The Debtor, in the period of 30 days, has to present a Restructuring Plan before the CoC. The plan will propose ways in which the debtor intends to pay off its debts in a limited period of time or layout the plan to restructure the business. Under the Code, a Resolution Plan may be approved by a voting share of sixty six percent of CoC [IBC, § 30(4)].  The same share of voting percentage shall approve the restructuring plan. If a plan is approved by sixty six percent of voting share, then it goes on for approval to National Company Law Tribunal (“NCLT”). Once approved by the NCLT it becomes binding on all shareholders including corporate debtor, creditors, employees, shareholders and guarantors etc.

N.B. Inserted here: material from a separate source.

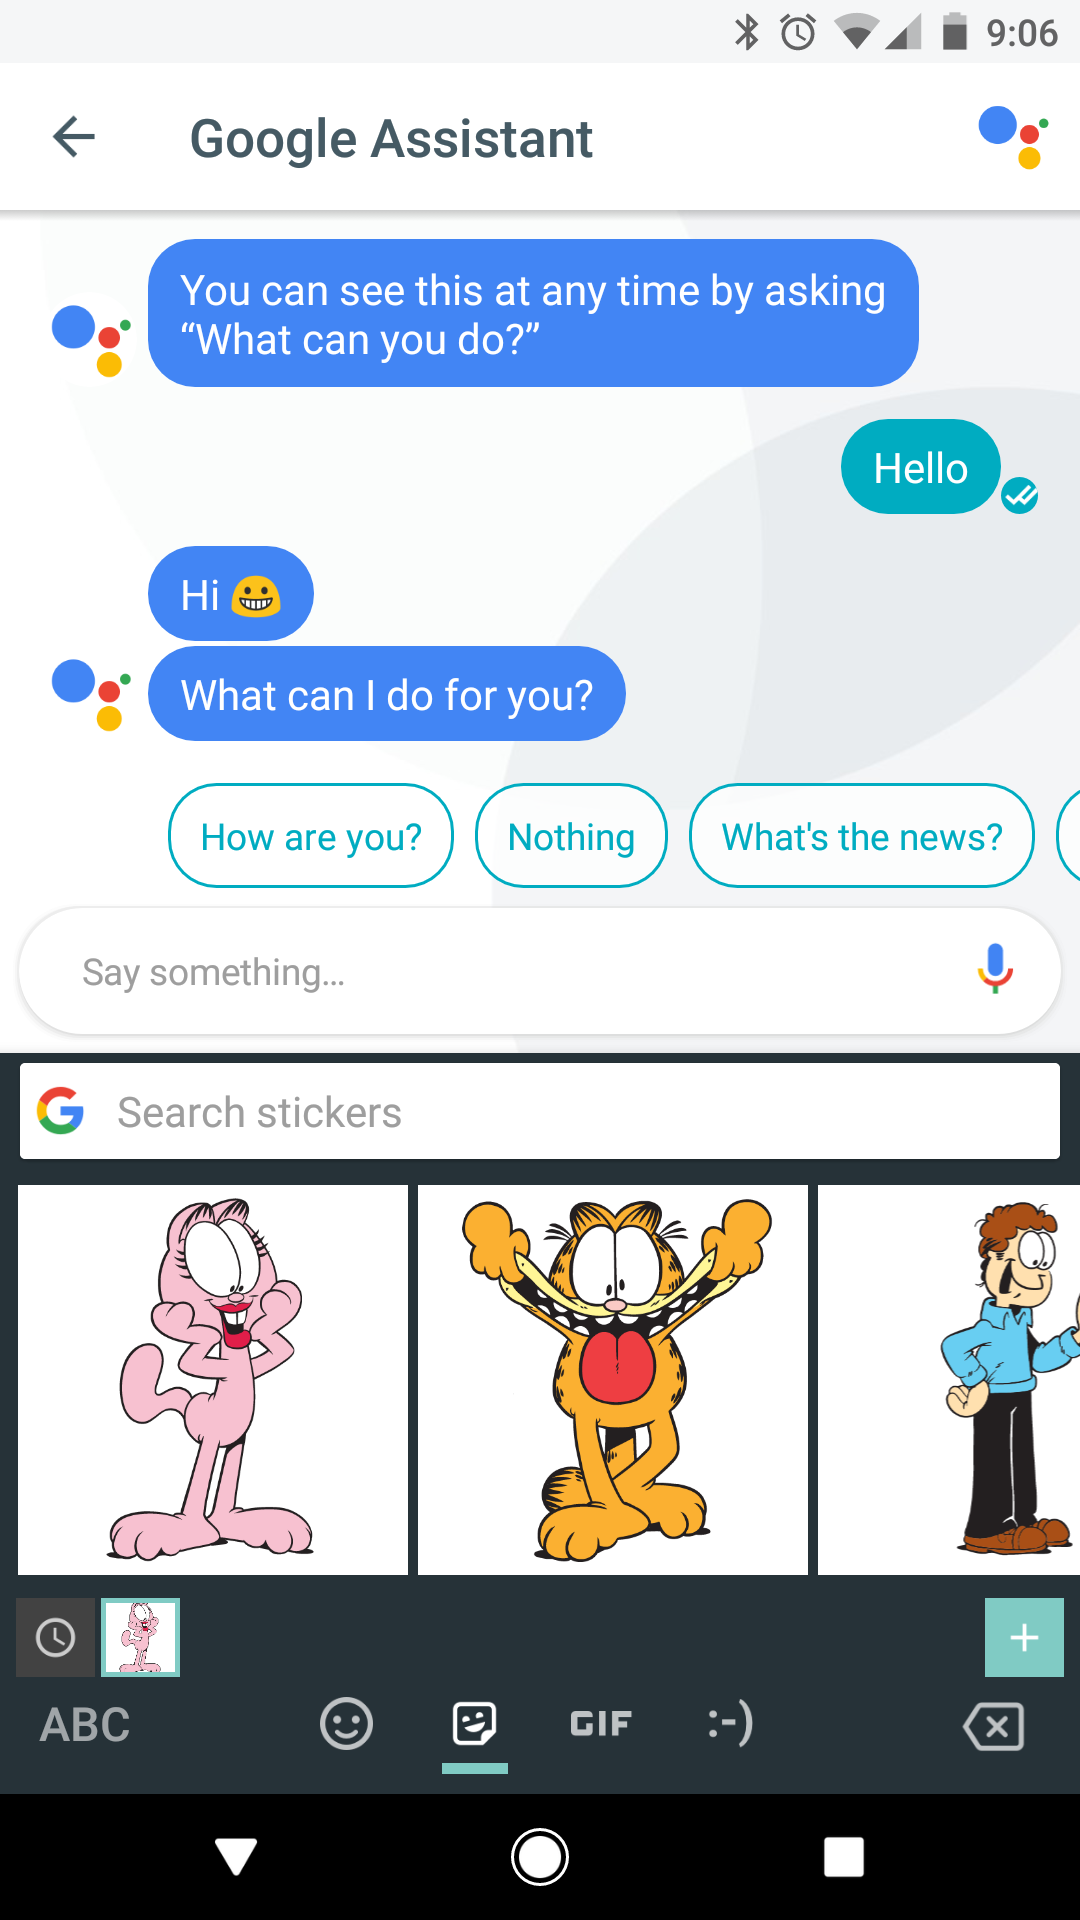 gboard 6.5 beta features bitmoji and sticker integration along with some tweaks

There will be no further CIRP under the Code as approving of a restructuring plan will have the same effect as withdrawing an application under Section 12A. This power has been given in the hands of CoC as its Commercial Wisdom in relation to resolution of corporate debtor is paramount. So, if a plan is approved by CoC the same shall be most beneficial for the restructuring of the debtor. In case, if a plan is not approved by the creditors the AA may admit application for the CIRP submitted by the creditor, and the CIRP commences. The IRP under the CCAA may be appointed as IRP for insolvency proceedings and the rest follows as the code directs.

Conclusion

The proposed CCAA is only restricted to the larger players. The demarcation for the complex debt in the Canadian Regime is $5 million; the authors suggest the threshold for the Indian regime should be Rs. 30 Crores, so that we are at par with the Canadian framework. Government can rather come up with a separate figure that it finds fit to create the demarcation between simple and complex debts as per the present dynamic economic scenario of the country. The said Act provides an opportunity to the corporate debtor to restructure its financial affairs by presenting a revival/ restructuring plan and once approved can save him from going under the rigorous process of insolvency. It is to be noted that if the plan under CCAA is not approved it does not automatically lead to the insolvency/ liquidation of such corporate debtor and thus acts as a safeguard to the Company. Although the commercial wisdom of the CoC remains of paramount concern, the involvement of courts is necessary to ensure fairness of the process.  Further the procedure involved in CCAA is flexible in nature as compared to the time taking procedure involved in the CIRP process, which allows for a more deliberate conclusion arising directly between the debtor and his creditors.  

“Desperate times call for desperate measures” and Covid-19 is one such situation in which the government and the business leaders need come together and come up with ‘out of the box’ ideas to tackle the disaster caused to the economy. Focusing on the betterment of MSMEs is the need of the hour but one cannot ignore the fact that the larger players in the market play a significant role in developing the economy of the country. Providing them with a safeguard like CCAA would ensure the speedy recovery and a chance for the Corporate Debtor to revive on its own. CCAA being amicable in nature provides for a fairground to both the creditors and the corporate debtor. Thus, implementation of CCAA should be considered by the law makers to ensure that once the suspension on IBC is lifted, the bigger companies have a chance to stand firm and continue their business. 


This article has been authored by Anant Pratap Singh and Vishal Bijlani, students at National Law University, Orissa.